Der Ausweg aus dem Dilemma war das Vorgehen aus Josef.95 Beitrag. 

Ich hab im make.conf aus dem bindist ein -bindist gemacht und dann ein update, damit alle Pakete die davon betroffen sind neu gebaut werden.

Dann hab ich die usechanges aus dem qt-creater übernonnen und dann wieder ein update gemacht und anschließend ließ sich der qt-creator installieren.

Um auf die Frage einzugehen, ob das bindist gewollt ist....

äää ich bin neu bei gentoo und das flag war per default schon dabei und hab das somit nicht geändert (hatte keine Ahnung von USE flags (habe immer noch recht wenig Ahnung))  :Embarassed: 

villeicht sollte man das aus dem default file herausnehmen wenn das öfters Probleme bereitet...

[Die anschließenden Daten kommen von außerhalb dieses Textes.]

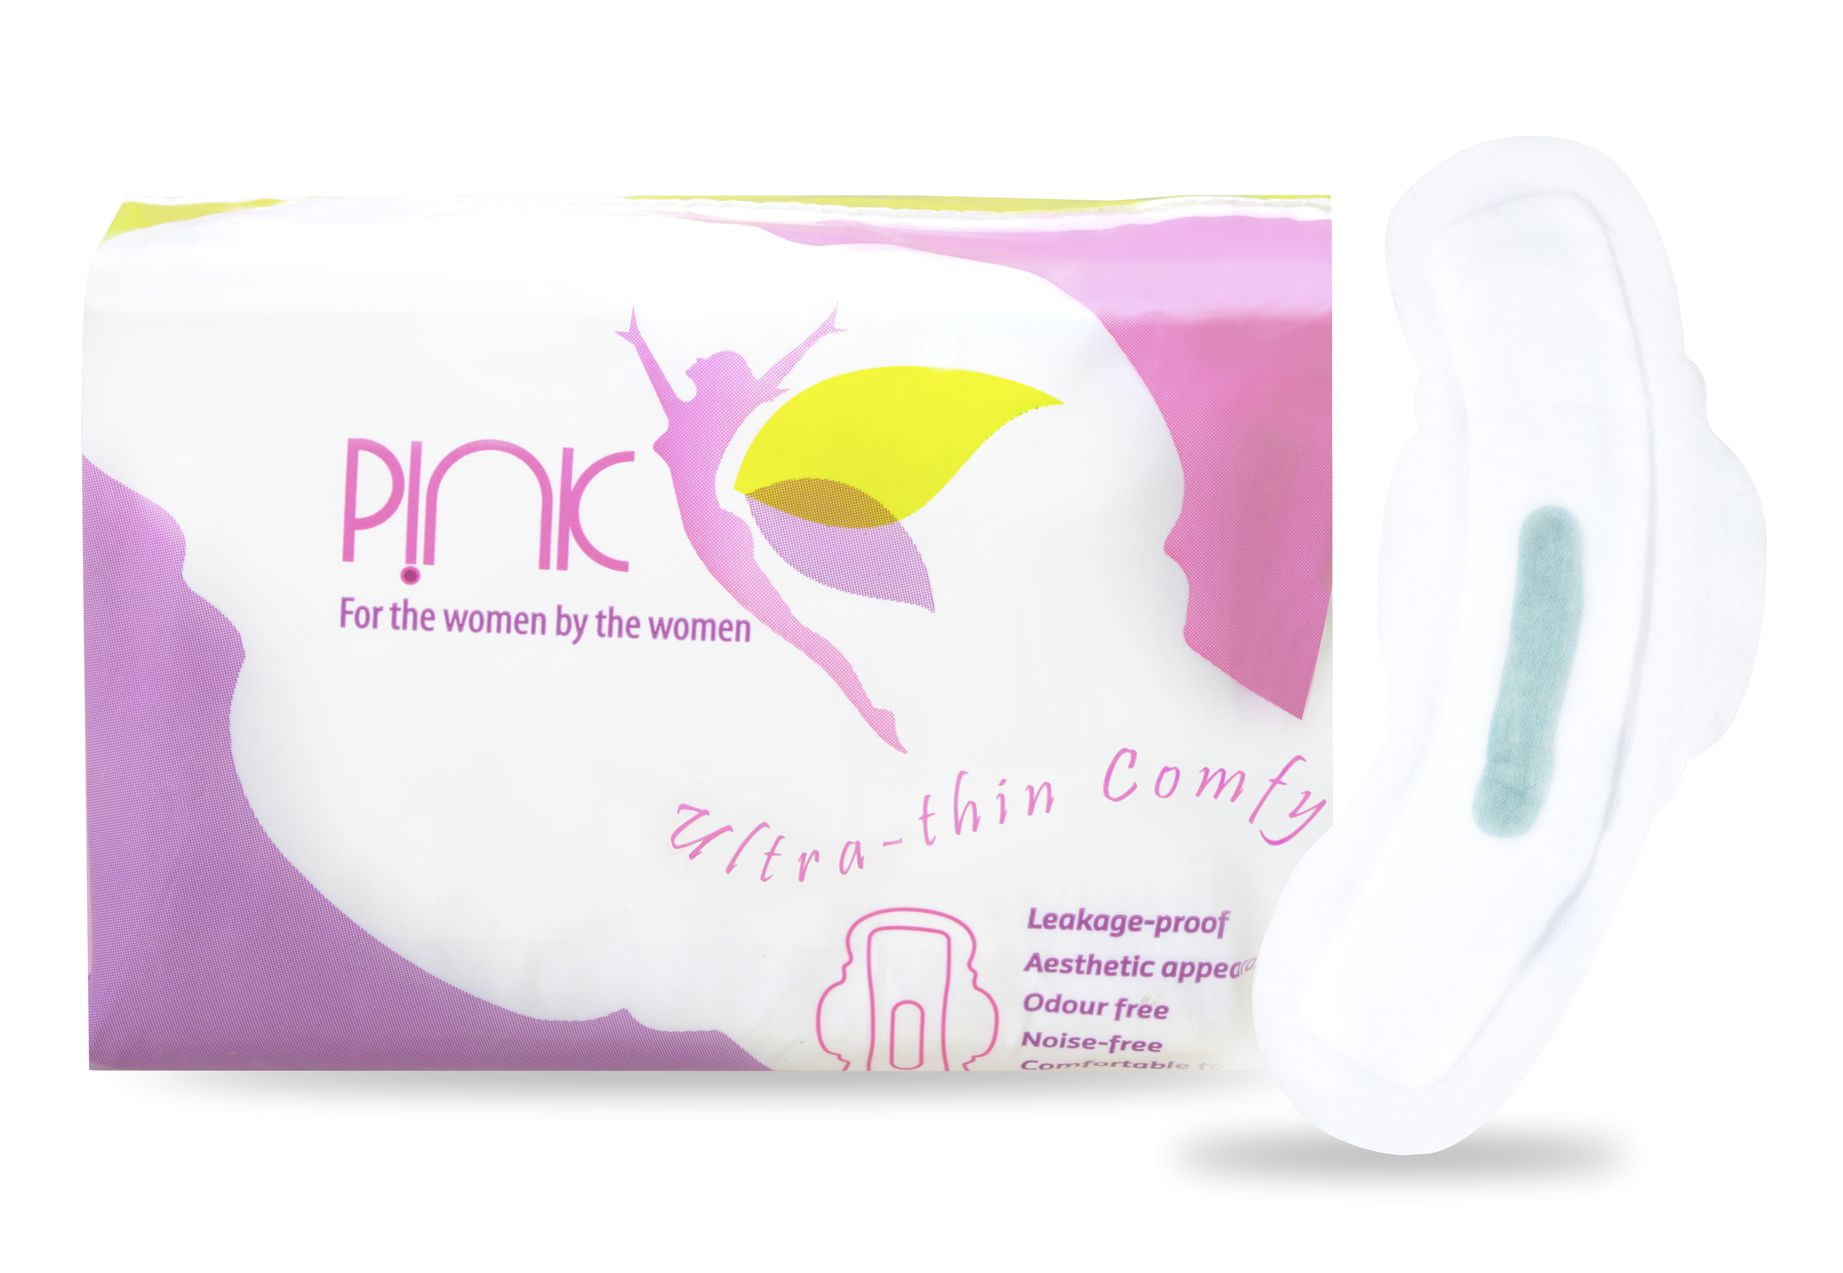 pink biodegradable comfy dry all day night protection large 21 sanitary pads pack of 3

Jedenfalls großen Dank mit Verneigung an Josef.95 für die extrem verständliche Hilfe  :Very Happy: 

PS: Wie kann ich das Thema als gelöst markieren?

----------

## LuxJux

 *xilinx wrote:*   

> PS: Wie kann ich das Thema als gelöst markieren?

 

In deinem ersten Beitrag <edit> anklicken und dann den Titel editieren.

Alternativ könntest du <report> anklicken und einen Moderator bittten das Thema zu ändern, sollte

der erste Vorschlag nicht funktionieren.

----------